> ACTIVITY
Include the line containing "Brightly coloured red" and every line after it up to the end of the material below; reproduce them exactly and drop the pictures.

> COLLECTED DATA
------------

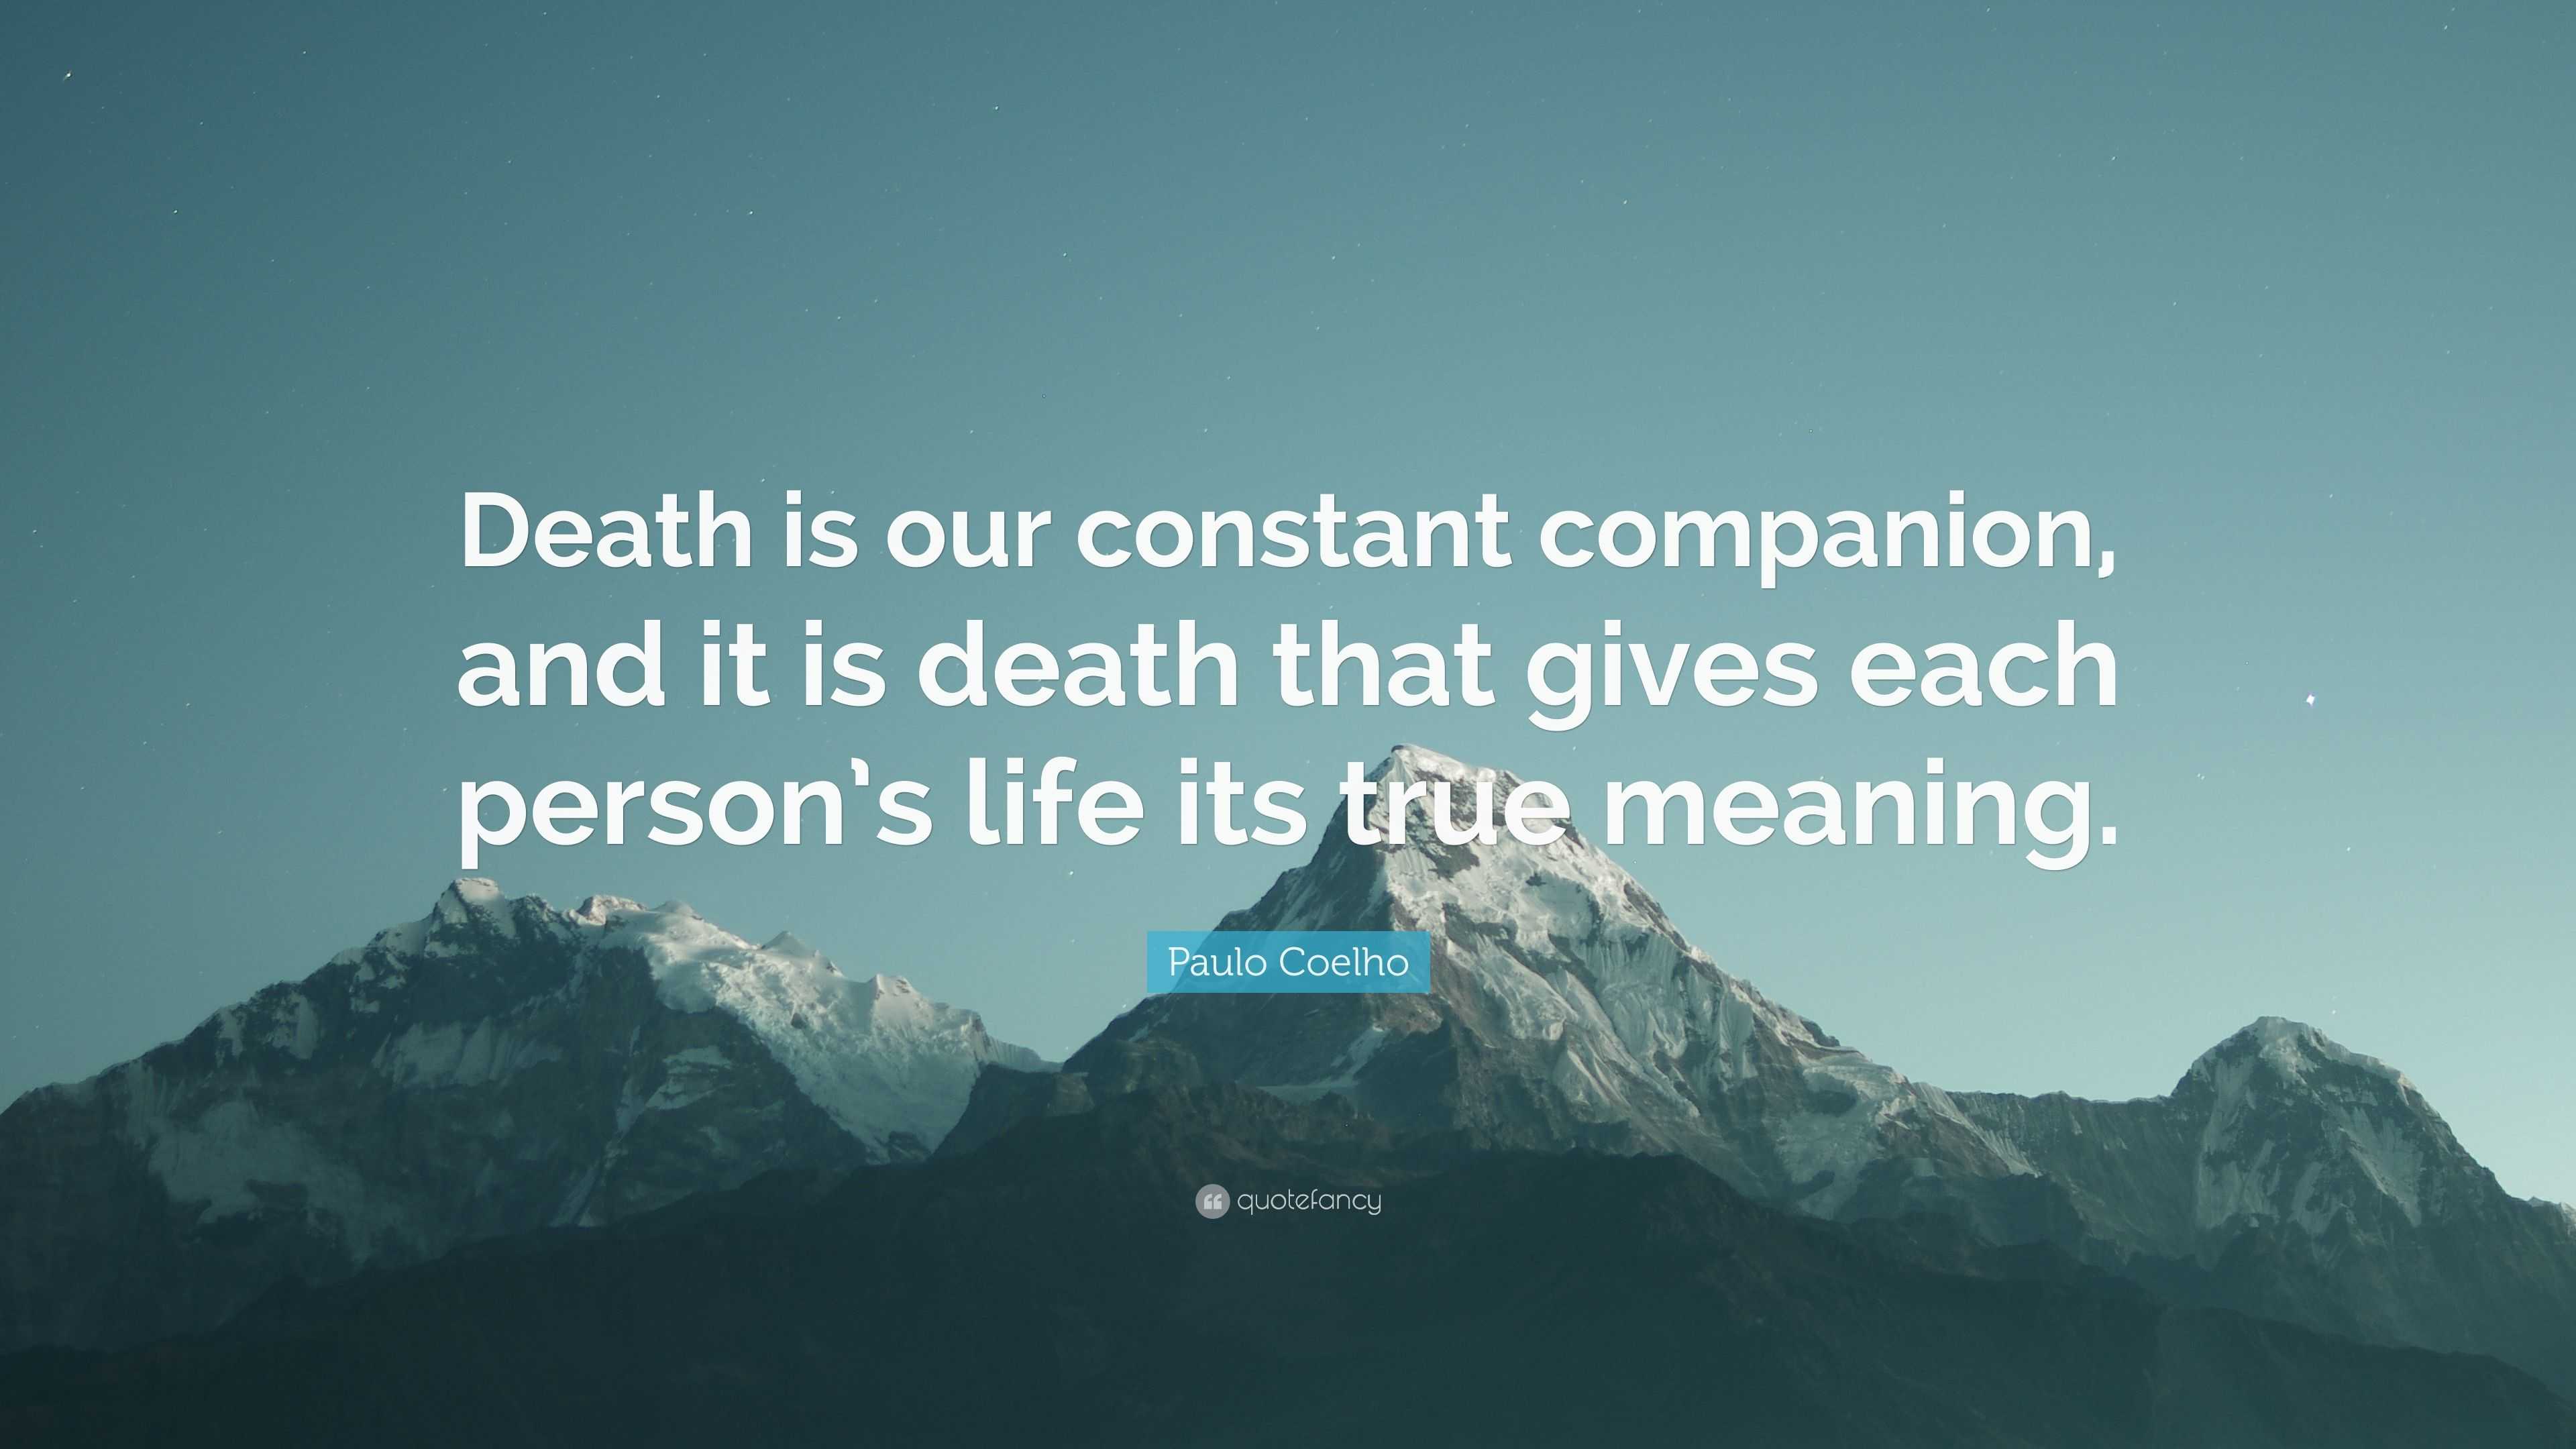 Paulo Coelho Quote: “Death is our constant companion, and it is death ...
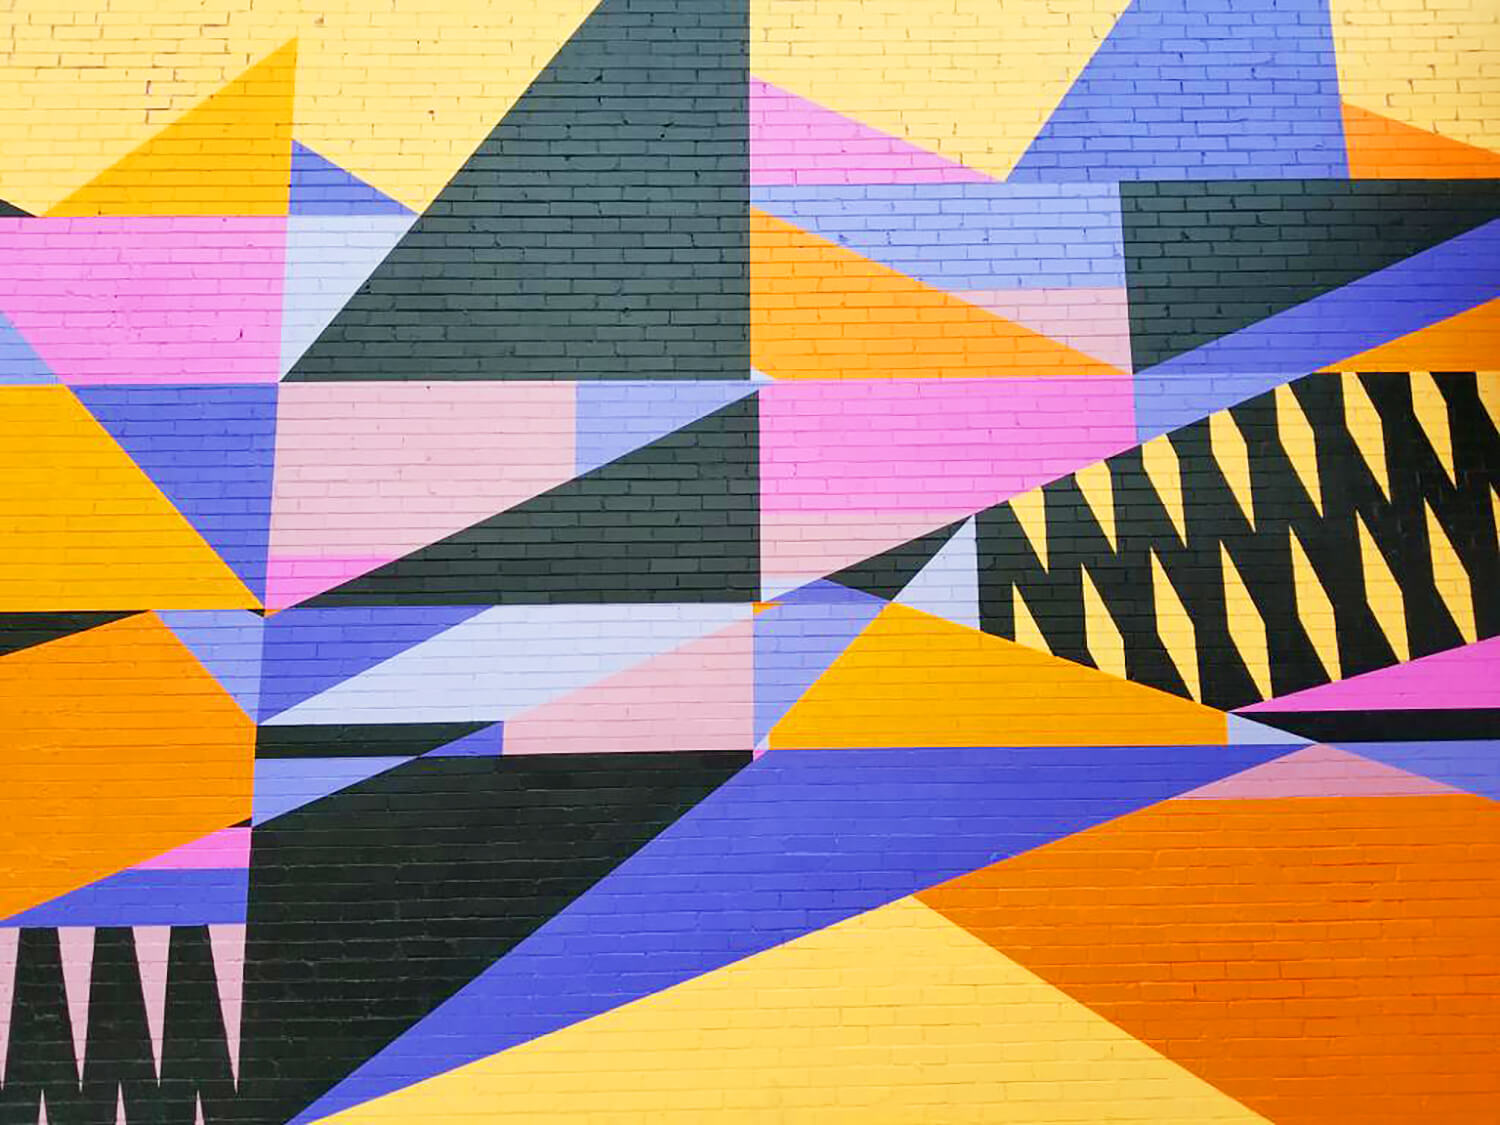 Instagrammable Walls of Calgary - Rhys Douglas Farrell Abstract Wall
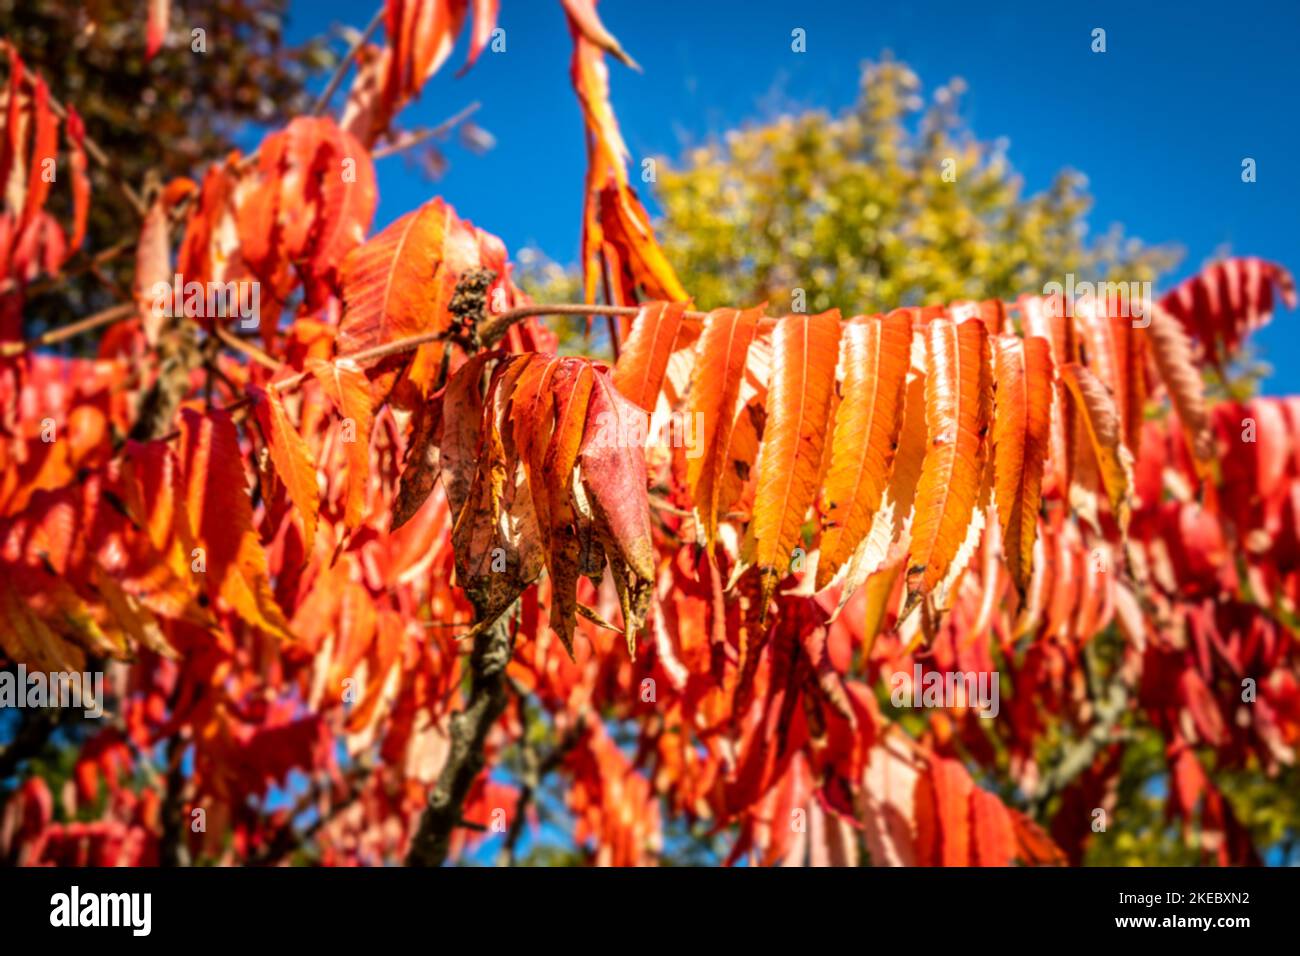 Brightly coloured red autumn leaves glowing in the sunshine Stock Photo
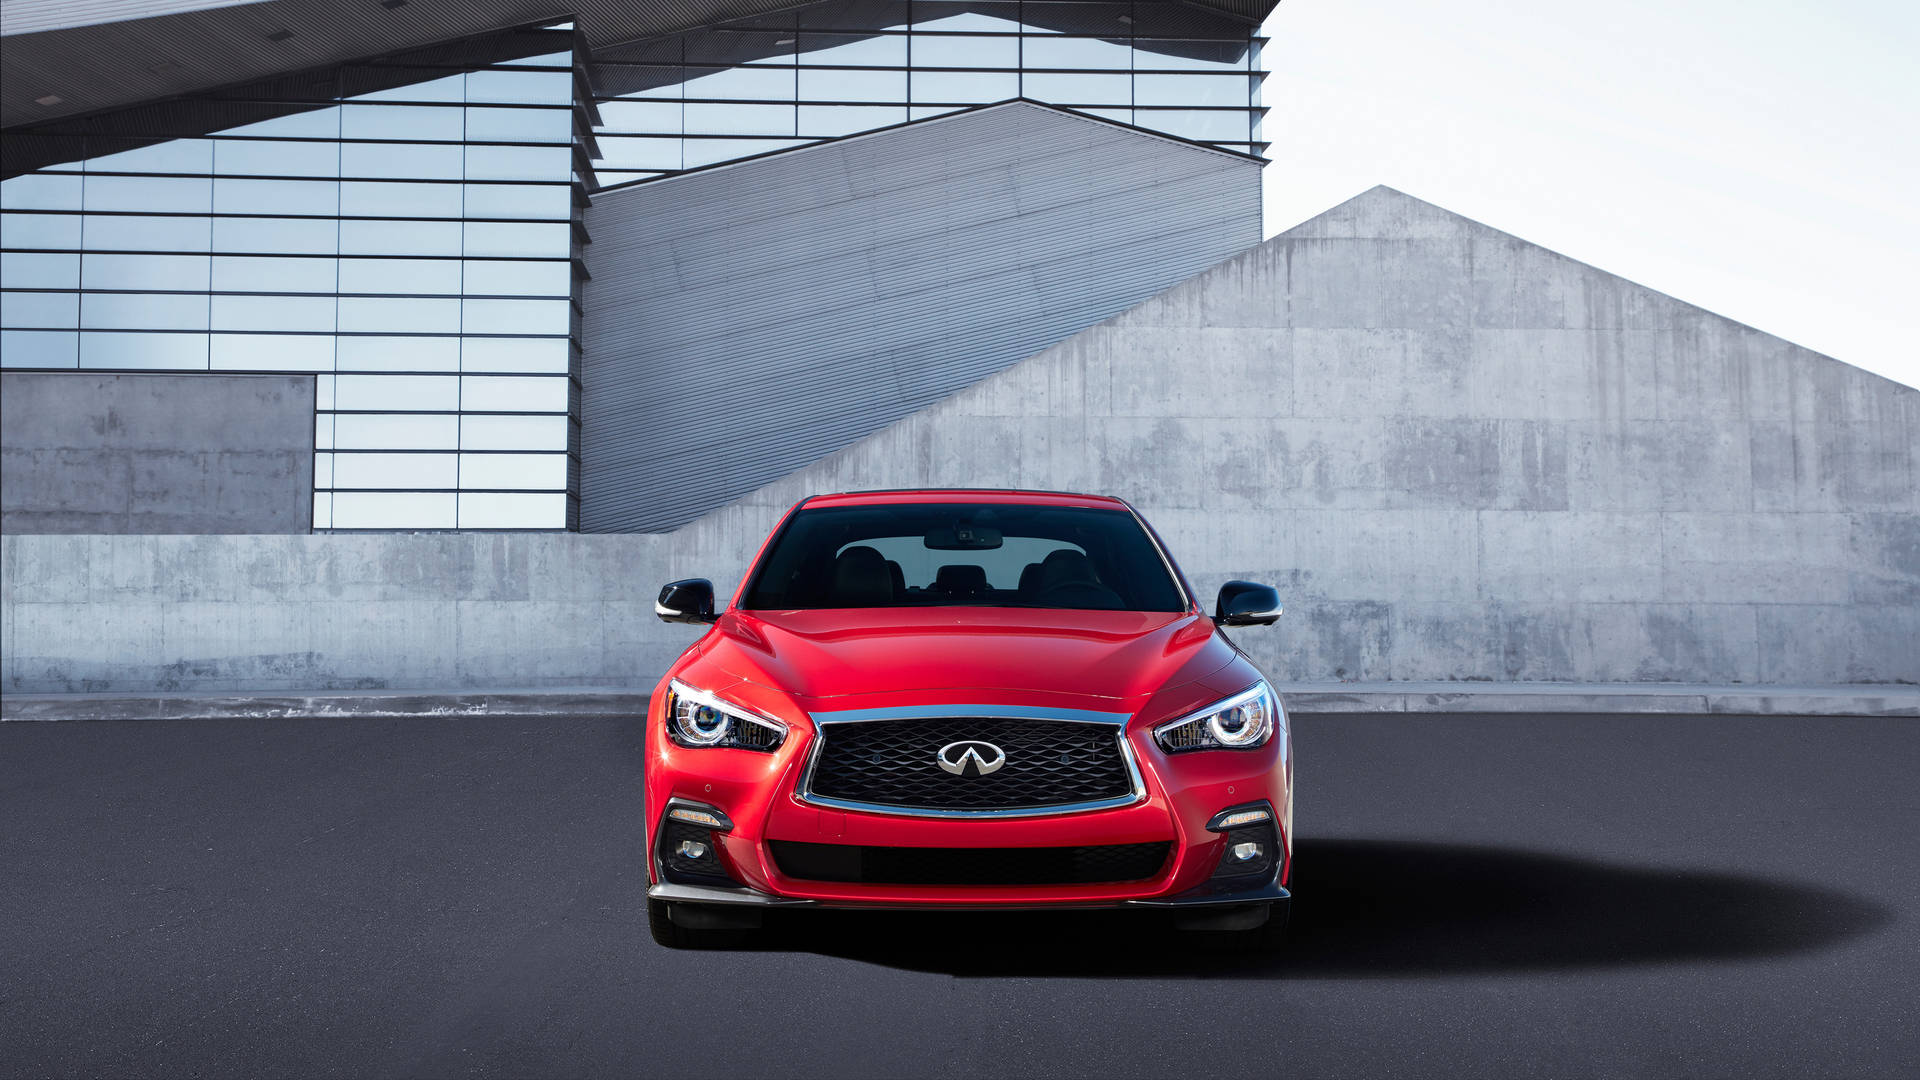 Stunning Red Infiniti Q50 On The Road Background

------------

> EXPECTED ANSWER
 Brightly coloured red autumn leaves glowing in the sunshine Stock Photo
 Stunning Red Infiniti Q50 On The Road Background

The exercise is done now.